I was already through the door before he finished the question.
Which brings me to this moment. Standing on the sidewalk in the cold, clutching a waffle cone stacked with three spiraling layers of matcha, strawberry, and ube soft serve, moaning like I have lost all sense of public decorum.
"I could come here every single day," I declare, savoring the final swirl with the kind of focus I usually reserve for exam prep. "Every. Day. This place is my new personality. Forget figure skating. Forget academics. I am a soft serve girl now. That is my entire identity."
I practically inhale the rest of the cone.
Which is probably why Etienne is gawking at me.
His brown eyes are wide, his lips slightly parted, his waffle cone hovering forgotten in his hand while he stares at me with an expression that is caught somewhere between fascination and genuine alarm.
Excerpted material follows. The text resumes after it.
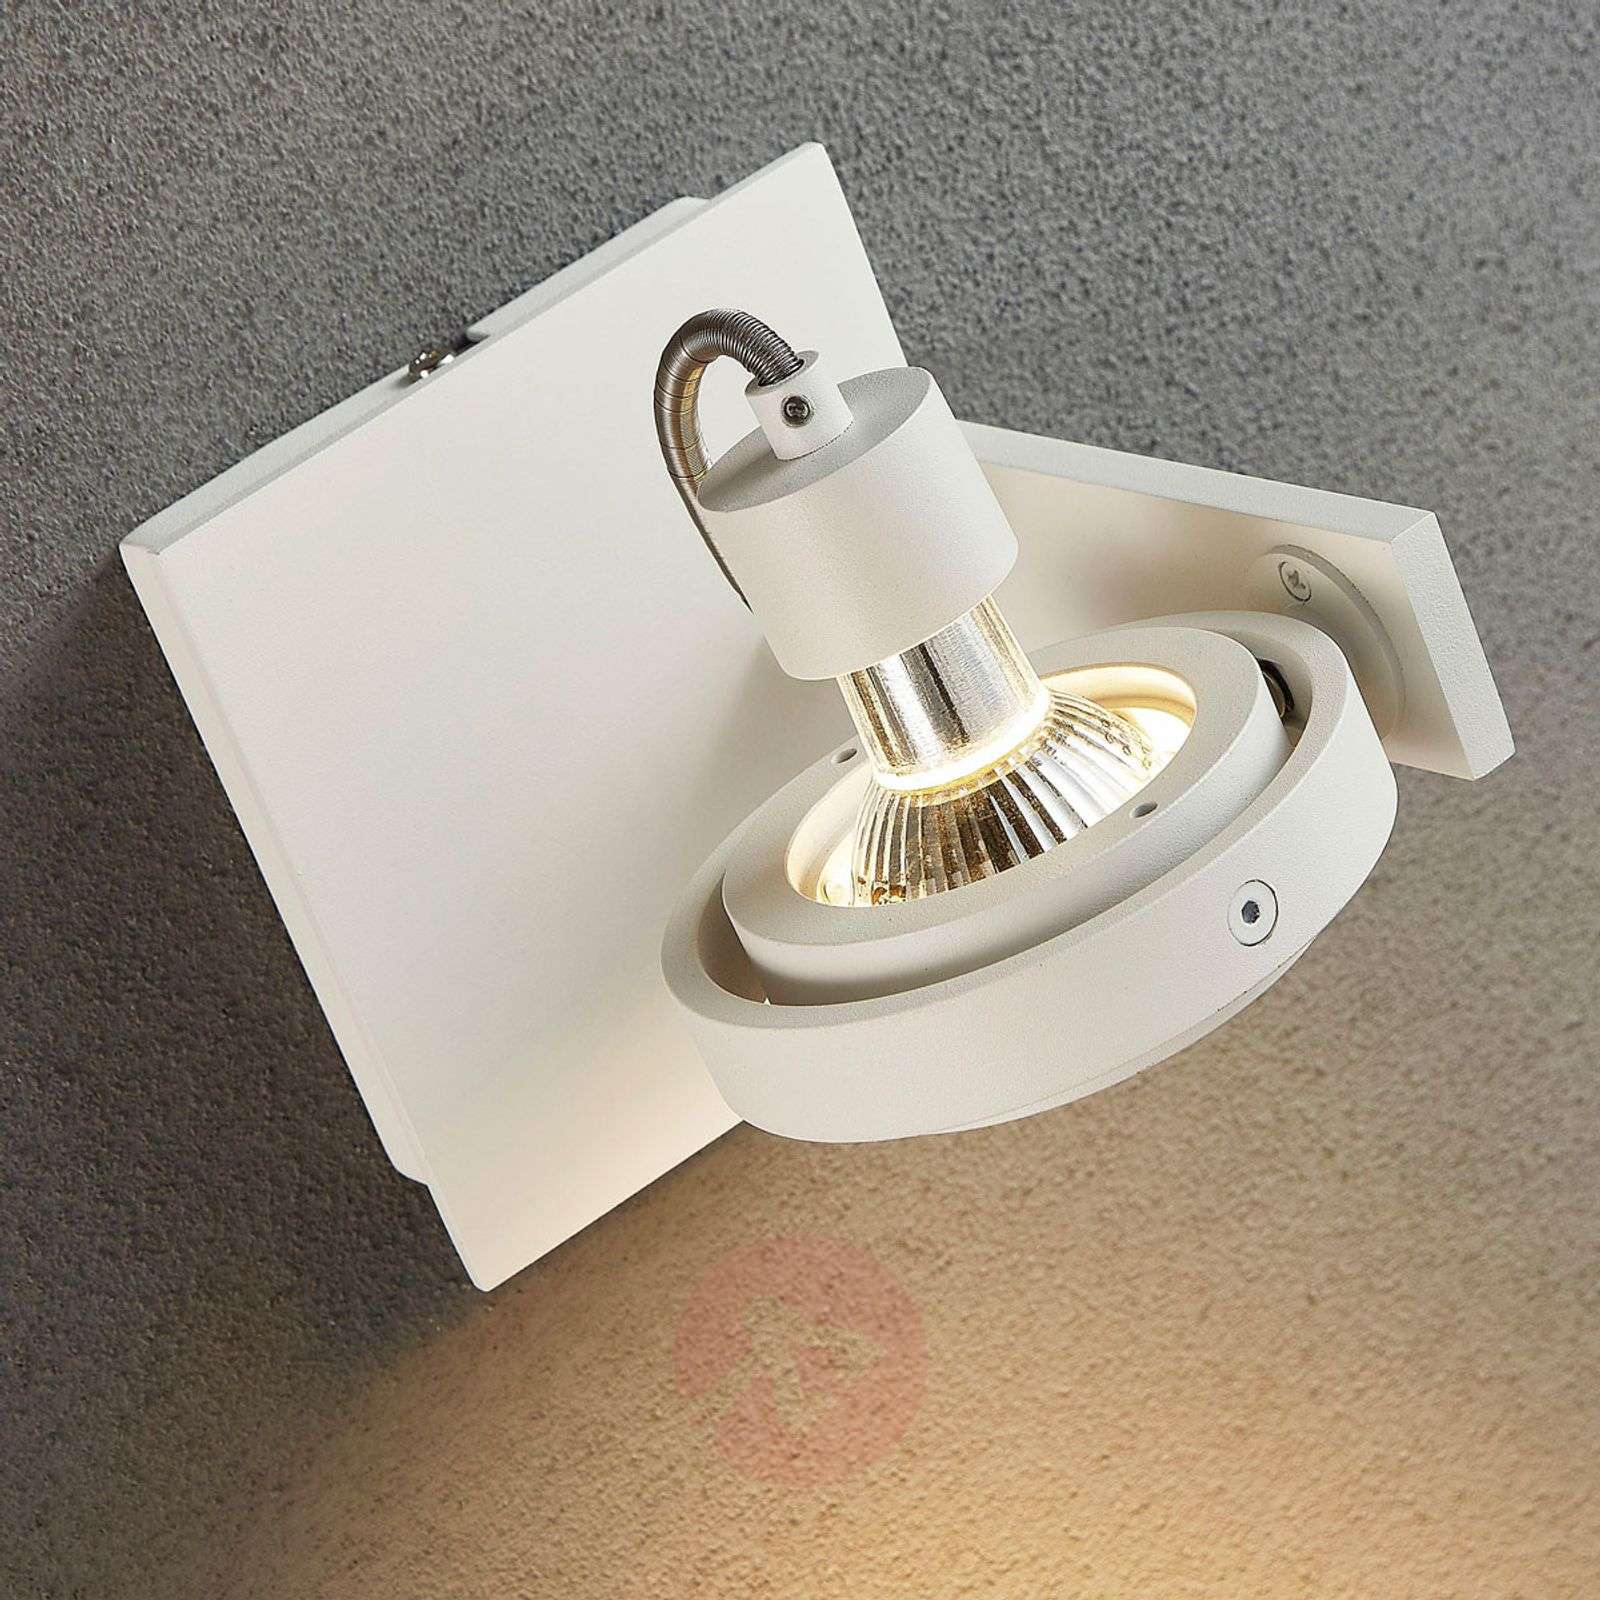 Teska valkoinen kohdevalo GU10-LED-9621408-011

Like he has just witnessed a nature documentary moment, one of those scenes where a predator consumes its prey in a single devastating motion and the narrator whispers something reverent about the brutality of the natural world.
I giggle nervously.
"Oops." I wipe a smudge of ube from the corner of my mouth with my thumb. "Am I being weird?"
He blinks. A flush creeps up his neck, painting the skin beneath his jaw a warm shade of rose that I find entirely too endearing on a man his size.
"No," he manages, though the word comes out strangled. "Just... you cannot be moaning like that."
My face ignites.
Not a gentle warmth. A full combustion event that starts at my collarbones and rockets upward until my ears are burning and my freckles are probably glowing like tiny individual heat lamps.
Etienne is blushing too, his gaze darting sideways at the couple walking past us on the sidewalk, and the shared embarrassment makes the moment ten times more charged than it needs to be.
He clears his throat, rubbing the back of his neck with his free hand in that way he does when he is flustered, the gesture so characteristically him that my stomach flips.
"Not like it does not sound nice," he adds, quieter now, the words tumbling out before he can catch them. "Or uh..."
He groans, pinching the bridge of his nose.
"Just give me a second to calm down before we keep going."
Oh.
Oh.
The realization lands like a comet. Not a slow dawning awareness.
An immediate, full-impact collision with the understanding that my completely innocent ice cream enjoyment has had a decidedly non-innocent effect on the six-foot-two Alpha standing in front of me, and my entire body responds to that information with a rush of heat that has absolutely nothing to do with embarrassment.
I lean closer.
His pine and cedar scent thickens in the space between us, laced with something warmer, something richer that was not there a minute ago.
A darker note beneath the clean woodsy freshness, like embers buried under snow.
My Omega instincts catalogue it instantly, filing it away in the part of my brain that responds to Alpha pheromones with a precision I wish I could apply to my coursework.
"Do I turn you on?" I ask, my voice pitched low enough that only he can hear.
Etienne's jaw tightens. His eyes lock onto mine, and for a suspended breath, we just stare at each other on this frozen sidewalk while the world continues around us like it has not noticed that the air between two people just became thick enough to cut with a blade.
He pouts.
Actually pouts. The expression is so out of place on his usually composed face that I nearly burst out laughing, but the look in his eyes is too heated for laughter, too raw, too honest in a way that pins me where I stand.
"You are thriving at the idea, aren't you?" he mutters.
"Very," I grin, wide and unapologetic, and then I take a massive bite directly out of the remaining chunk of waffle cone and ice cream.
Teeth first. Into the frozen mass. Like a shark.